Starting Drill in Distributed Mode

Dec 30, 2015

To use Drill in distributed mode, you first need to start a Drill daemon (Drillbit) on each node in the cluster. Start the Drillbit before attempting to connect a client. To start the Drillbit, use the drillbit.sh command.

Note

If you use Drill in embedded mode, do not use the drillbit.sh command.

Using the drillbit.sh Command

In addition to starting a Drillbit, you use the drillbit.sh command to perform the other tasks:

  • Check the status of the Drillbit
  • Stop or restart a Drillbit
  • Configure a Drillbit to restart by default

You can use a configuration file to start Drillbits. Using such a file is handy for controlling Drillbits on multiple nodes.

drillbit.sh Command Syntax

drillbit.sh [--config <conf-dir>] (start|stop|status|restart|autorestart)

For example, to restart a Drillbit on a tarball installation, navigate to the Drill installation directory, and issue the following command from the installation directory:

bin/drillbit.sh restart

Starting the Drill Shell

Using the Drill shell, you can interactively query data in connected data sources using SQL commands. To start the Drill shell, run one of the following scripts, which are located in the bin directory of the Drill installation:

  • drill-conf
    Opens the Drill shell using the connection string to ZooKeeper nodes specified in drill-override.conf in <installation directory>/conf.
  • drill-localhost
    Opens the Drill shell using a connection to the ZooKeeper running on the local host.

The Drill prompt appears when you start the Drill shell.

Issue the following query to check the Drillbits running in the cluster: 0: jdbc:drill:zk=<zk1host>:<port> SELECT * FROM sys.drillbits;
Drill lists information about the Drillbits that are running, such as the host name and data port number.

Using an Ad-Hoc Connection to Drill

To use a custom connection to Drill, but not alter the connection string in drill-conf that you normally use, start the Drill shell on an ad-hoc basis using sqlline. For example, to start the Drill shell using a particular storage plugin as a schema, use the following command syntax:

sqlline –u jdbc:drill:[schema=<storage plugin>;]zk=<zk name>[:<port>][,<zk name2>[:<port>]... ]

sqlline Arguments and Connection Parameters

  • -u is the option that precedes a connection string. Required.
  • jdbc is the connection type. Required.
  • schema is the name of a storage plugin configuration to use as the default for queries.

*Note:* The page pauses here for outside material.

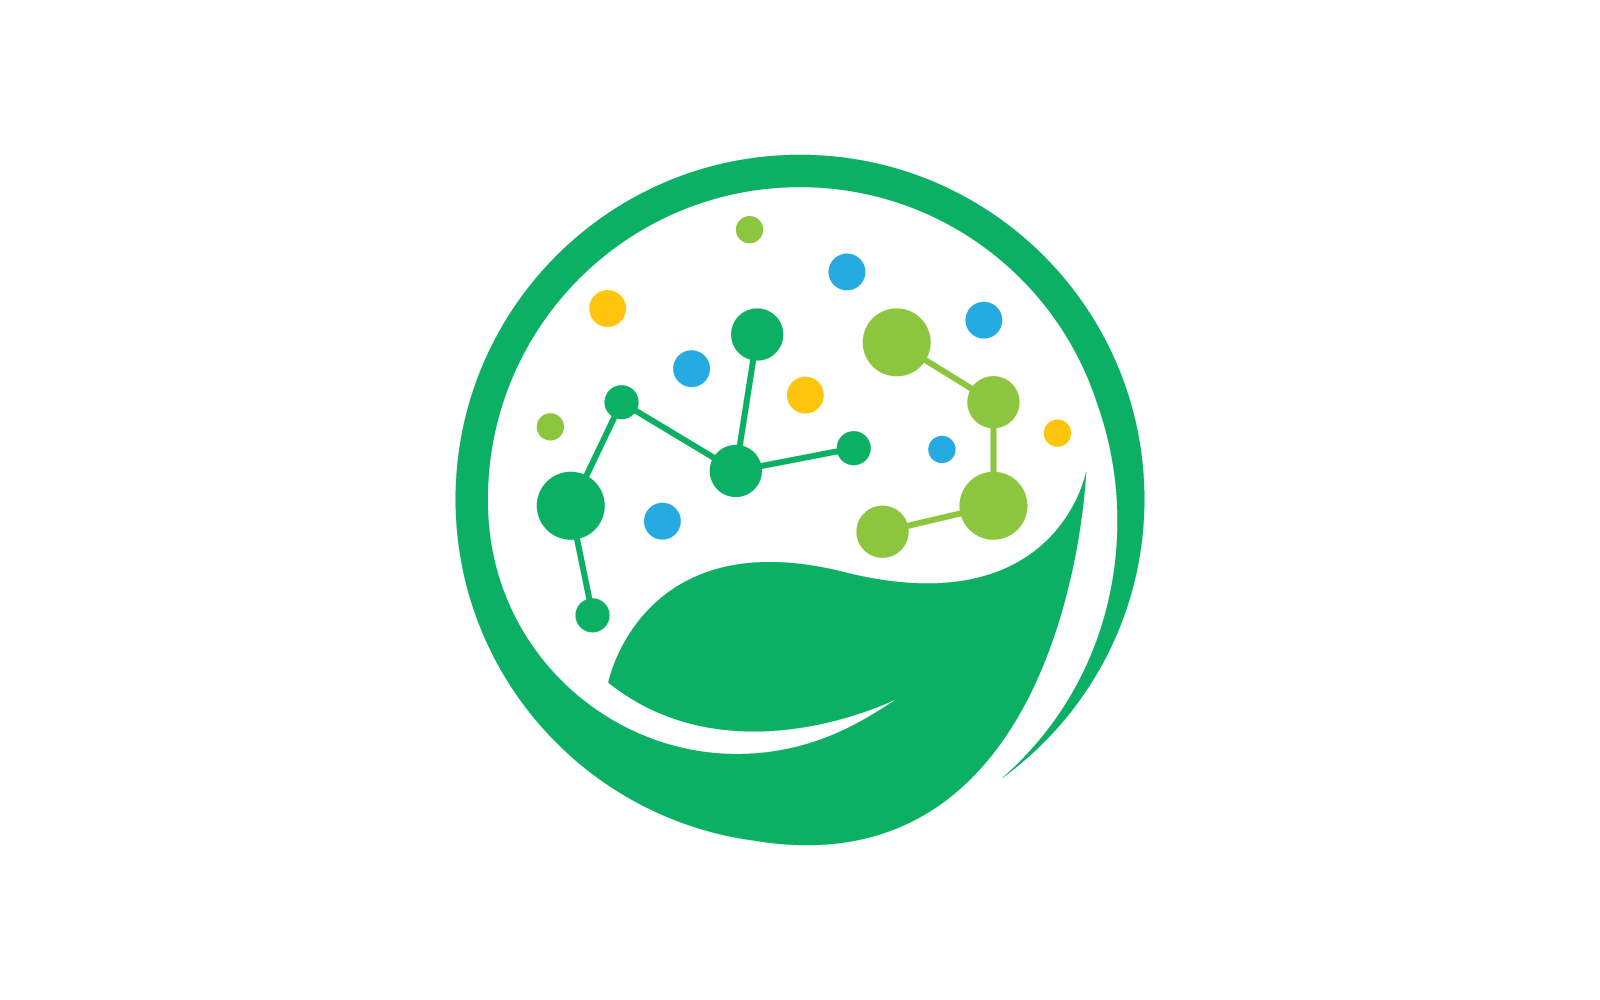 Bio tech leaf and molecule logo design illustration vector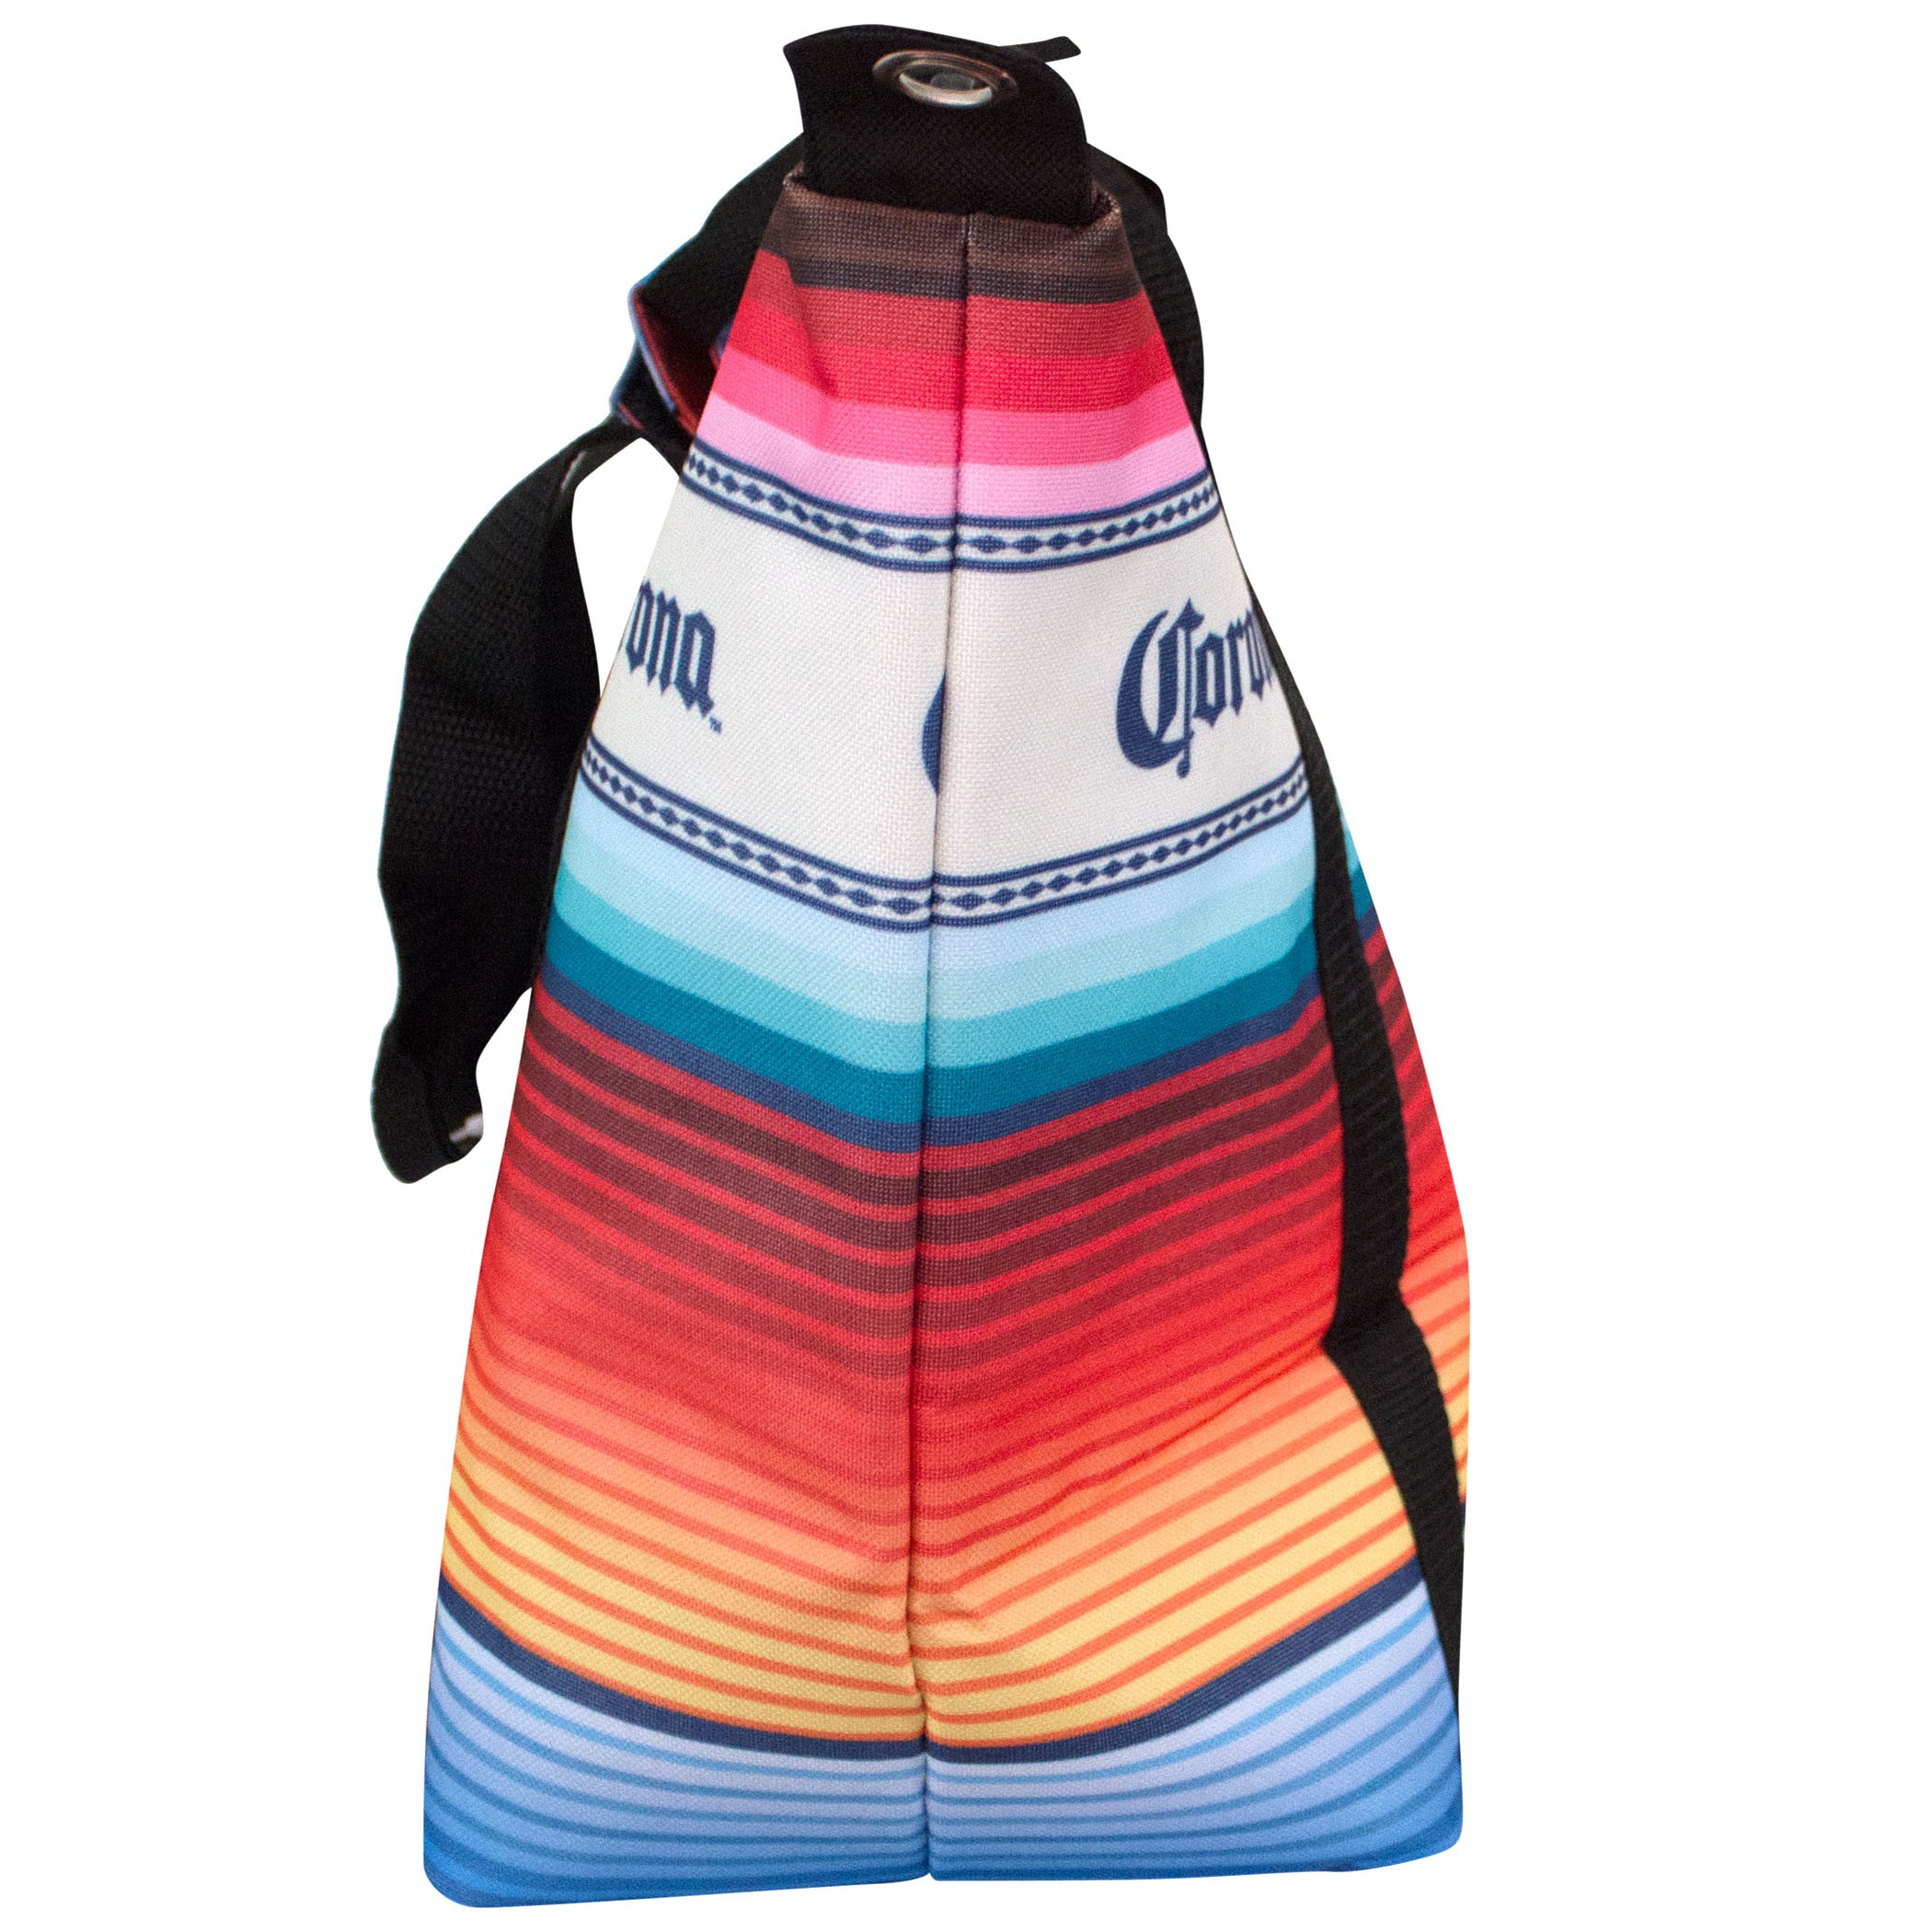 Corona Extra Multicolored Cooler Bag

Optional.
  • zk name specifies one or more ZooKeeper host names or IP addresses.
  • port is the ZooKeeper port number. Optional. Port 2181 is the default for the open source version of Apache Drill.

For example, start the Drill shell with the default schema being the dfs storage plugin:

bin/sqlline –u jdbc:drill:schema=dfs;zk=centos26

Specifying the storage plugin configuration name when you start up eliminates the need to enter USE <schema name> or specify the it in the FROM clause.

The following command starts the Drill shell in a cluster configured to run ZooKeeper on three nodes:

bin/sqlline –u jdbc:drill:zk=cento23,centos24,centos26:5181

Making a Direct Drillbit Connection

If you want to connect directly to a Drillbit instead of using ZooKeeper to choose the Drillbit, replace zk=<zk name> with drillbit=<node> as shown in the following URL.

jdbc:drill:[schema=<storage plugin>;]drillbit=<node name>[:<port>][,<node name2>[:<port>]...
]<directory>/<cluster ID>

where

drillbit=<node name> specifies one or more host names or IP addresses of cluster nodes running Drill.

Exiting the Drill Shell

To exit the Drill shell, issue the following command:

!quit

Stopping Drill

Navigate to the Drill installation directory, and issue the following command to stop a Drillbit:

bin/drillbit.sh stop